If a line in the records below contains the word "Historic", copy it.

----- RECORDED DATA -----

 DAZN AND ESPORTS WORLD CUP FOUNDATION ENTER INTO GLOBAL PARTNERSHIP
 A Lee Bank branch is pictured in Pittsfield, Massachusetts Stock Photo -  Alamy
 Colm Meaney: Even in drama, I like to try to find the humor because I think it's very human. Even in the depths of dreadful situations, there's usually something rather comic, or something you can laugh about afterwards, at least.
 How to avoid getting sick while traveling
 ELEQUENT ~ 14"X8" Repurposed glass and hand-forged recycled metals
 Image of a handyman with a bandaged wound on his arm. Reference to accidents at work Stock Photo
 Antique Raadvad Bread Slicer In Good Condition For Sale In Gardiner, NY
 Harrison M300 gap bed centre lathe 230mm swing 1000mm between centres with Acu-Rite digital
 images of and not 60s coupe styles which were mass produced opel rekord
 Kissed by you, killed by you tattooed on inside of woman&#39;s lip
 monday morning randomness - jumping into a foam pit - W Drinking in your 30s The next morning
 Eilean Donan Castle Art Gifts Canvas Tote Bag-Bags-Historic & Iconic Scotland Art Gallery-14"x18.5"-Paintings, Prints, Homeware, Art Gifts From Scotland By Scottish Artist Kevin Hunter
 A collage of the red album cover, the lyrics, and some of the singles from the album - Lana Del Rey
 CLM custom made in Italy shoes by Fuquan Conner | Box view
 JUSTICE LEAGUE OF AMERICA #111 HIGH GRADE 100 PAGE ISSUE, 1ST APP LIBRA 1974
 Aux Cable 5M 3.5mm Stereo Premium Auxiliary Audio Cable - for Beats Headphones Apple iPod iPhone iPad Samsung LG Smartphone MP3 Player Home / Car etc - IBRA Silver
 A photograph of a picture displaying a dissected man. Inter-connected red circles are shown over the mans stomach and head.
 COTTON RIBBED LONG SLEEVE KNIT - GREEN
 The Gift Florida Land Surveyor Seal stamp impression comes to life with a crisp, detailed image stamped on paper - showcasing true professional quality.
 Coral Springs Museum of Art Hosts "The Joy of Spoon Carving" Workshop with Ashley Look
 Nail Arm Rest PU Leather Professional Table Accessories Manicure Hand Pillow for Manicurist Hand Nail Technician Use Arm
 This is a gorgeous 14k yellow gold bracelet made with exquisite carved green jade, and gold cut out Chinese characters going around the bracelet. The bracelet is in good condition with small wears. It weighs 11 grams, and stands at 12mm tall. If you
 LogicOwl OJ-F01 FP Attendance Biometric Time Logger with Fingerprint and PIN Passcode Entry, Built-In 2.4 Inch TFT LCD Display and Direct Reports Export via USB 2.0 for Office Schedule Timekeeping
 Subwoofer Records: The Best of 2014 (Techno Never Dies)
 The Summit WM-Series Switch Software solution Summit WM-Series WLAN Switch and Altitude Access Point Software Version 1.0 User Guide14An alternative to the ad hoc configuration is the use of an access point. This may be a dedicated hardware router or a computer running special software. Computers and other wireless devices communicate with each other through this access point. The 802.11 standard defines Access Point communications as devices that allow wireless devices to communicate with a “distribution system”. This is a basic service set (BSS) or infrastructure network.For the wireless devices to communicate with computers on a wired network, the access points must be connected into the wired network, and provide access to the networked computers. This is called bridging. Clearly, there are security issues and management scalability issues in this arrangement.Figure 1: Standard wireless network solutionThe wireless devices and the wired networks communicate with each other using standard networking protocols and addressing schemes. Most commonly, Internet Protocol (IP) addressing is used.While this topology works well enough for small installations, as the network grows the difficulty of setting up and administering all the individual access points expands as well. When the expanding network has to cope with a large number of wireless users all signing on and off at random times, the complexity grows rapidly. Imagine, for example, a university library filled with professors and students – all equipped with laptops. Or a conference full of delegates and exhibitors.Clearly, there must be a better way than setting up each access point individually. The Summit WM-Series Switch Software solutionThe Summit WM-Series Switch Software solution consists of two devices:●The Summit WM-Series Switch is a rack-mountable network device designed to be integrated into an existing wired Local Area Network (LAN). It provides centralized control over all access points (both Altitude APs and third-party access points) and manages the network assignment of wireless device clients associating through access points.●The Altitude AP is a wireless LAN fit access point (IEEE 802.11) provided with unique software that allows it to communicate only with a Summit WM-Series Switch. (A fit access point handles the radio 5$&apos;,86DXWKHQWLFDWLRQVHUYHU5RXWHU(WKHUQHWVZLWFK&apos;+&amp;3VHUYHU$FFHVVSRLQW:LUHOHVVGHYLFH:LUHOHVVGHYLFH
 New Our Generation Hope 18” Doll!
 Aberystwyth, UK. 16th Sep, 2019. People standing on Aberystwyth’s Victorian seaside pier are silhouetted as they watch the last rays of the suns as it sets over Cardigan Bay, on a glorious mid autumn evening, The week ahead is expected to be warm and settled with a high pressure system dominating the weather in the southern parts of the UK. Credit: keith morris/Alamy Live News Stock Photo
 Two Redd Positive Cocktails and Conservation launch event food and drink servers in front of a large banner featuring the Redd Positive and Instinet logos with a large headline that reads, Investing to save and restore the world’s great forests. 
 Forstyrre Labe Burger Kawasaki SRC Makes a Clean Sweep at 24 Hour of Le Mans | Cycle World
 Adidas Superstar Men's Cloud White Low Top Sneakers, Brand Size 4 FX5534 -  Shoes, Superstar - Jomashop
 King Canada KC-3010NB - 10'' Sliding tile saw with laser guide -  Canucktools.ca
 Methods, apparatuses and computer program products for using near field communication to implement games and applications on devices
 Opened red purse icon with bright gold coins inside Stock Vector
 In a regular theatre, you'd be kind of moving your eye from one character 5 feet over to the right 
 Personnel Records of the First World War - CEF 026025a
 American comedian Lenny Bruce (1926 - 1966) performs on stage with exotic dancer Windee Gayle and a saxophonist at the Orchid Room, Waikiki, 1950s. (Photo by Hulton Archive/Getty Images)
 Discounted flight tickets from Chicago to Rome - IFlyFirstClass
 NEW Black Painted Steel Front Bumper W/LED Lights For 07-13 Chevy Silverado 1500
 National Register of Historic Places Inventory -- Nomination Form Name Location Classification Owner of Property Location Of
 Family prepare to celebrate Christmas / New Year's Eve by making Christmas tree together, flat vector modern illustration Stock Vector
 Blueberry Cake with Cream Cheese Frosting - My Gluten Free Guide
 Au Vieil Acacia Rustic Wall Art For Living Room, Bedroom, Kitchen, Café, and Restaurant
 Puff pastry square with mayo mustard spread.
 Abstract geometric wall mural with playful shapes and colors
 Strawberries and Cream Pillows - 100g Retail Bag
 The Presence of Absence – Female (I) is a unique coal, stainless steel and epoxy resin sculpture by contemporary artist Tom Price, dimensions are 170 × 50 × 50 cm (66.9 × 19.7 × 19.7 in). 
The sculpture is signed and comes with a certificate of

-----

SOLUTION TO THE EXERCISE:
 Eilean Donan Castle Art Gifts Canvas Tote Bag-Bags-Historic & Iconic Scotland Art Gallery-14"x18.5"-Paintings, Prints, Homeware, Art Gifts From Scotland By Scottish Artist Kevin Hunter
 National Register of Historic Places Inventory -- Nomination Form Name Location Classification Owner of Property Location Of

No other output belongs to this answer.